Belsazar e a escritura na parede

A história de Belsazar e a escritura na parede está relatada na bíblia, no livro de Daniel, velho testamento.

Ocorreu que o rei Belsazar deu um grande banquete a mil dos seus senhores, e bebeu vinho na presença dos mil. Havendo ele provado o vinho, mandou trazer os vasos de ouro e de prata, que Nabucodonosor, seu pai, tinha tirado do templo que estava em Jerusalém, para que bebessem neles o rei, os seus príncipes, as suas mulheres e concubinas.

Então trouxeram os vasos de ouro, que foram tirados do templo da casa de Deus, que estava em Jerusalém, e beberam neles o rei, os seus príncipes, as suas mulheres e concubinas. Não somente beberam o vinho, mas deram louvores a outros deuses de ouro, de prata, de bronze, de ferro, de madeira, e de pedra.

De acordo com as escrituras, na mesma hora apareceram uns dedos de mão de homem, e escreviam, defronte do castiçal, na parede do palácio real; e o rei via a parte da mão que estava escrevendo. Diante disso, o semblante do rei mudou, e os seus pensamentos passaram a estar confusos. Ele gritou com força, que se introduzissem os astrólogos, os caldeus e os adivinhadores e ainda os sábios da babilônia que, qualquer que lesse este escrito, e o declarasse a sua interpretação, seria vestido de púrpura, e traria uma cadeia de ouro ao pescoço e, no reino, seria o terceiro governante.

Então entraram todos os sábios do rei, mas não conseguiram ler o escrito, nem interpretar para o rei o que dizia a frase na parede. Por causa disso o rei Belsazar perturbou-se mais ainda.  A rainha, por causa do que se passava o rei, disse a ele que havia no reino um homem, no qual havia o espírito dos deuses santos e nos dias de teu pai (Nabucodonosor) se achou nele luz, e inteligência, e sabedoria, como a sabedoria dos deuses o constituiu mestre dos magos, dos astrólogos, dos caldeus e dos adivinhadores.

Este homem que servia ao Deus altíssimo era Daniel. Um homem íntegro de espírito excelente, e com grande conhecimento, entendimento, capaz de interpretar sonhos e explicar enigmas, e resolver dúvidas. E foi o próprio rei Nabucodonosor que mudou o nome de Daniel para Beltessazar.

(A semelhança de nomes: Belsazar era o filho do rei Nabuconosor. Já Beltessazar foi a forma com que Daniel passou a ser chamado pelo rei Nabuconodosor).

Daniel foi chamado à presença do rei, disse que ouviu dizer de sua capacidade e sábios e astrólogos de todo reino não conseguiram interpretar aquelas palavras. E se caso o fizesse seria o terceiro governante. Então Daniel recusou a oferta de ser o terceiro governante ou qualquer retribuição, e sem receber nada em troca o faria saber a interpretação.

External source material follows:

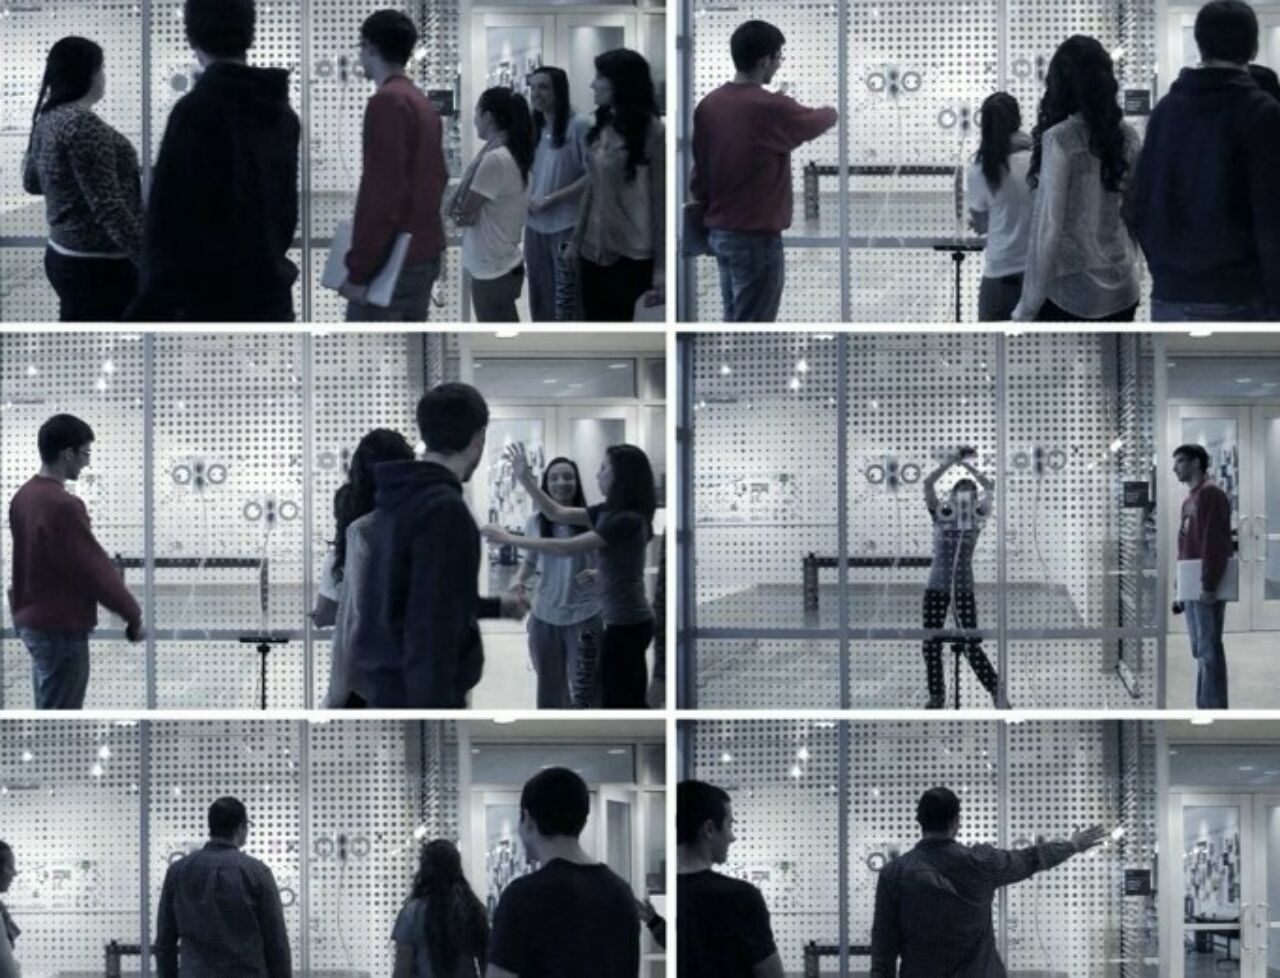 Grid of six images showing groups of students engaging with "Iris Machine" interactive installation mounted on glass wall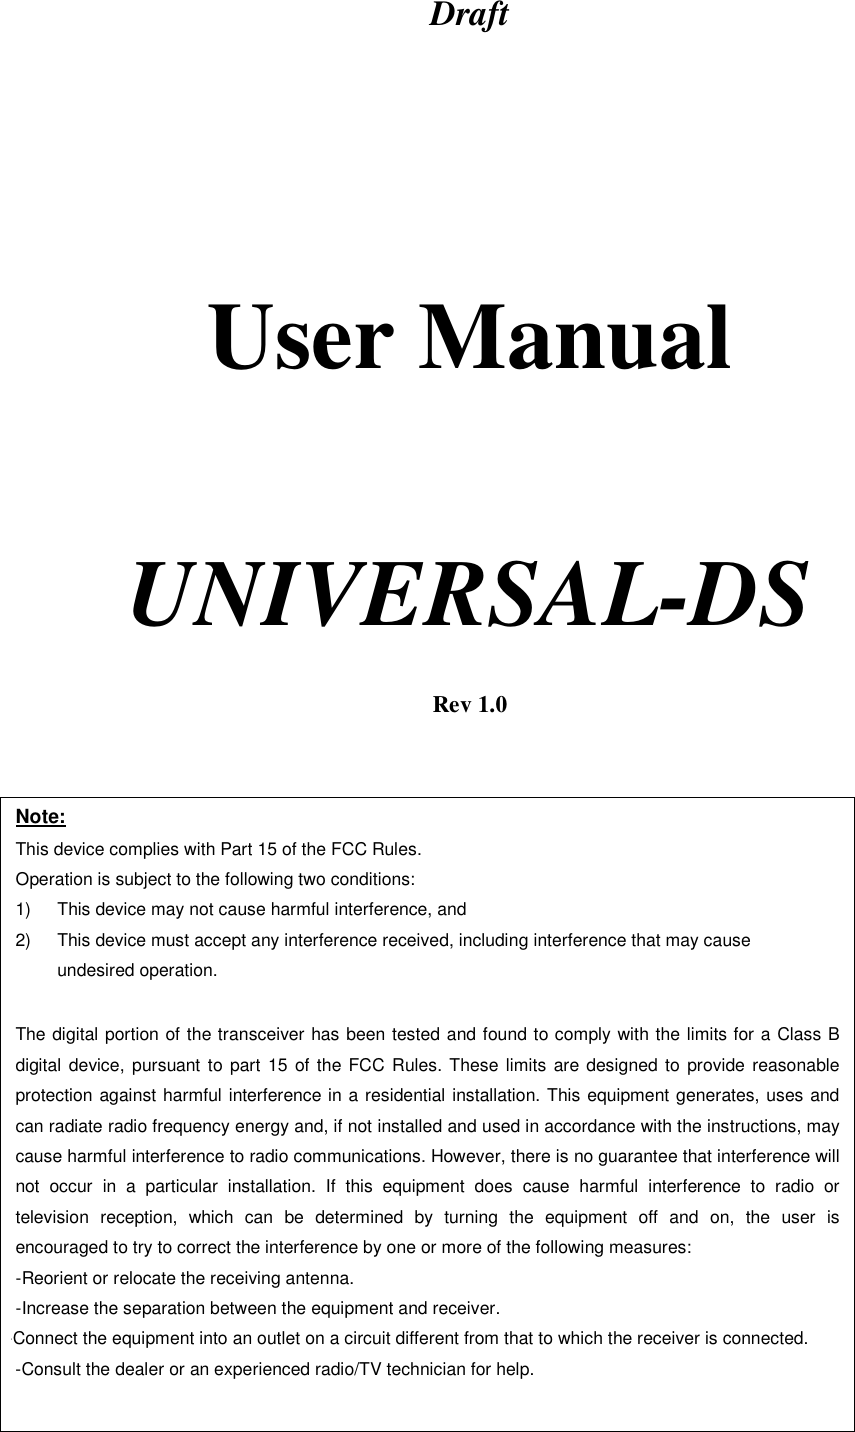 Draft       User Manual     UNIVERSAL-DS   Rev 1.0  Note: This device complies with Part 15 of the FCC Rules. Operation is subject to the following two conditions: 1)  This device may not cause harmful interference, and 2)  This device must accept any interference received, including interference that may cause undesired operation.  The digital portion of the transceiver has been tested and found to comply with the limits for a Class B digital device, pursuant to part 15 of the FCC Rules. These limits are designed to provide reasonable protection against harmful interference in a residential installation. This equipment generates, uses and can radiate radio frequency energy and, if not installed and used in accordance with the instructions, may cause harmful interference to radio communications. However, there is no guarantee that interference will not occur in a particular installation. If this equipment does cause harmful interference to radio or television reception, which can be determined by turning the equipment off and on, the user is encouraged to try to correct the interference by one or more of the following measures:  -Reorient or relocate the receiving antenna. -Increase the separation between the equipment and receiver. -Connect the equipment into an outlet on a circuit different from that to which the receiver is connected. -Consult the dealer or an experienced radio/TV technician for help.

Disse ainda que Deus, o Altíssimo, deu a Nabucodonosor o reino, mas quando o seu coração se exaltou, e o seu espírito se endureceu em soberba, foi derrubado do seu trono real, e passou dele a sua glória. E tu, Belsazar, que é seu filho, não se humilhou o teu coração, ainda que soubeste tudo que houve com teu pai. Tirou do templo objetos do Senhor e louvou a outros deuses, e beberam vinho. Então, do próprio Deus foi enviada aquela parte da mão, que escreveu este escrito: Mene, Mene, Tequel, Parsim.

* Esta é a interpretação:

Mene: Contou Deus o teu reino, e o acabou.

Tequel: Pesado foste na balança, e foste achado em falta.

Parsim: Dividido foi o teu reino, e dado aos medos e aos persas.

Então mandou Belsazar que vestissem a Daniel de púrpura, e que lhe pusessem uma cadeia de ouro ao pescoço, e proclamassem a respeito dele que havia de ser o terceiro no governo do seu reino. Naquela noite foi morto Belsazar, rei dos caldeus. E Dario, o medo, ocupou o reino, sendo da idade de sessenta e dois anos.

Bibliografia:
A Bíblia da Mulher: leitura, devocional, e estudo. 2 ed, Barueri SP: sociedade Bíblica do Brasil 2009.
Bíblia sagrada. Traduzida em português por João Ferreira de Almeida. Revista e Atualizada no Brasil 2 ed Barueri SP, Sociedade Bíblica do Brasil, 1988, 1993.